That's It: Peter King Should Stop Writing About Football
It's about time we've come to this. I don't care if he stays up until 4 a.m. all jittery from 800 espressos pounding out this nonsense just so's the lay folk can have their Monday morning football summary- this quality of writing and lack of editing/fact checking is absolutely abysmal. Edit this shit, SI. God.
We'll start with some minor objections:
6. Green Bay (5-1). Not to rub it in, but the Giants' Derrick Ward was inactive Sunday -- and still leads the entire Green Bay team in rushing, 448 yards to 394.
Yes, also Green Bay hasn't played yet this week. Still maybe a kind of crazy stat, but weakened by this fact. So just leave it out. Edit it out. Somebody, please.
Another:
Want to see a brilliant series against the Colts? Get a tape of Vinny Testaverde's game-opening, 18-play, 80-yard, 11-minute touchdown drive Sunday. It included a six-yard Vinny sneak, terrific play-clock bleeding, and 12 rushes for 37 yards.
What exactly is it about 3.1 yards/rush that is so brilliant, Peter? Tell me, you asshole, and it better not have anything to do with taking lots of time. I mean, I guess it's good to take time away from Peyton...and I guess anytime you see a 78-year old run for 6 yards, it's pretty cool...but it's also good to be able to move the ball quickly in large chunks. Do you really think Vinny didn't want to just throw an 80-yard bomb and be done with it?
But here's the real kicker, re: the Patriot's schedule:
...the other game that has a chance to be competitive -- notice I didn't say "the game they have a chance to lose?'' -- is the Monday-nighter on Dec. 3 at Baltimore. No team gets up for a prime time, national TV game like the Ravens.
Baltimore Ravens, since 2003, on Mondays, Thursdays, and in the playoffs (and they haven't played any NBC Sunday nights):
1 -7, including this season's opening loss to awful awful Bengals.

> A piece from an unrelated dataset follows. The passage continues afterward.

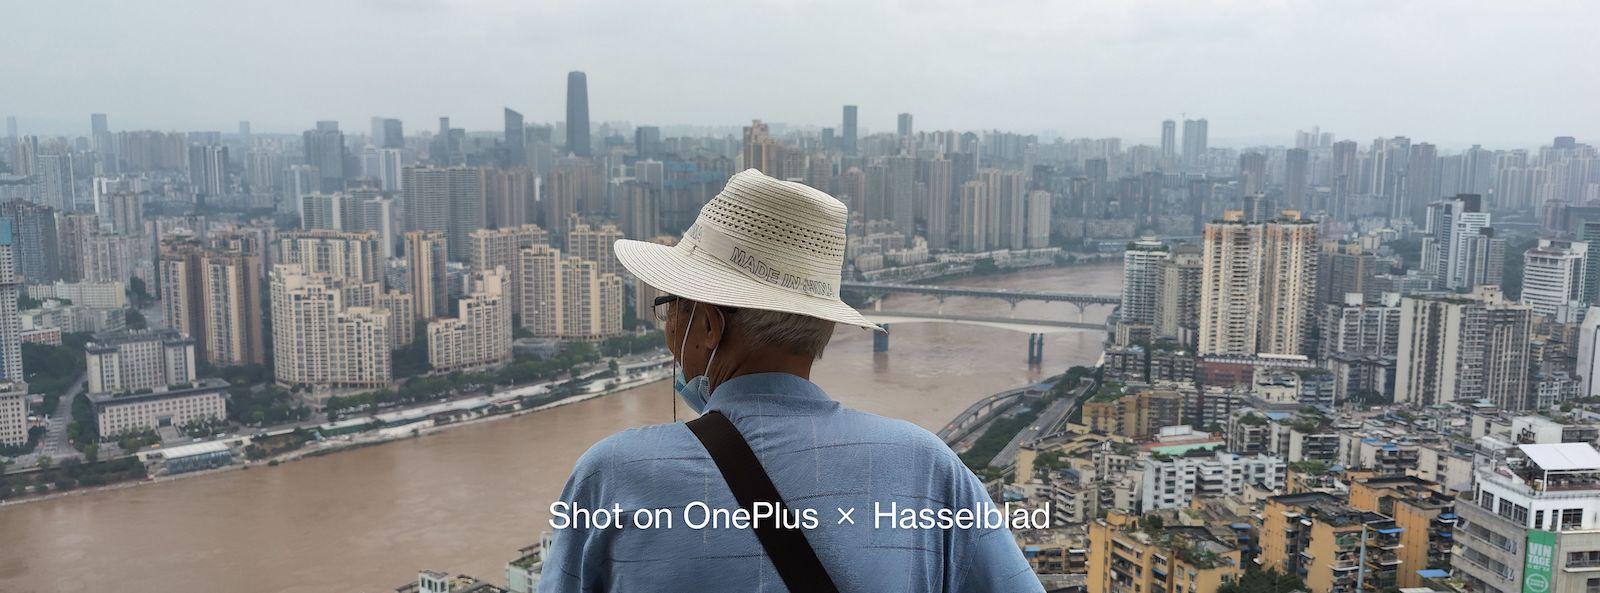 OnePlus Hasselblad XPan Mode

Honestly, Peter, where the fuck are you getting this? I'm no journalist, but I would think a telltale sign of a shitty journalist is someone who writes dumb shit based on gut feelings instead of proven facts.
~FLASH SIDEWAYS~
We are in an alternate universe in which Peter King has decided to become a doctor.
Nurse: Doctor King, the patient's leg is hemorrhaging from a 5 cm deep cut to his thigh- shall I prepare the wound to be stitched up?
Dr. Jerk: Legs don't bleed. I have never seen a bleeding leg. I guess except that one time that I cut my leg. But in general, legs never bleed. Mark my words.
Nurse: Um, but Doctor- look...I mean, you can see the blood exiting the wound...the wound on his LEG.
Dr. Jerk: I'm going to call Dr. James Andrews on my cellular phone- did you know I have a cellular phone, nurse? AND I have THE Dr. James Andrews on speed dial!!! Pretty cool, huh?- and ask his opinion about bleeding legs that don't exist. You can carve that in stone.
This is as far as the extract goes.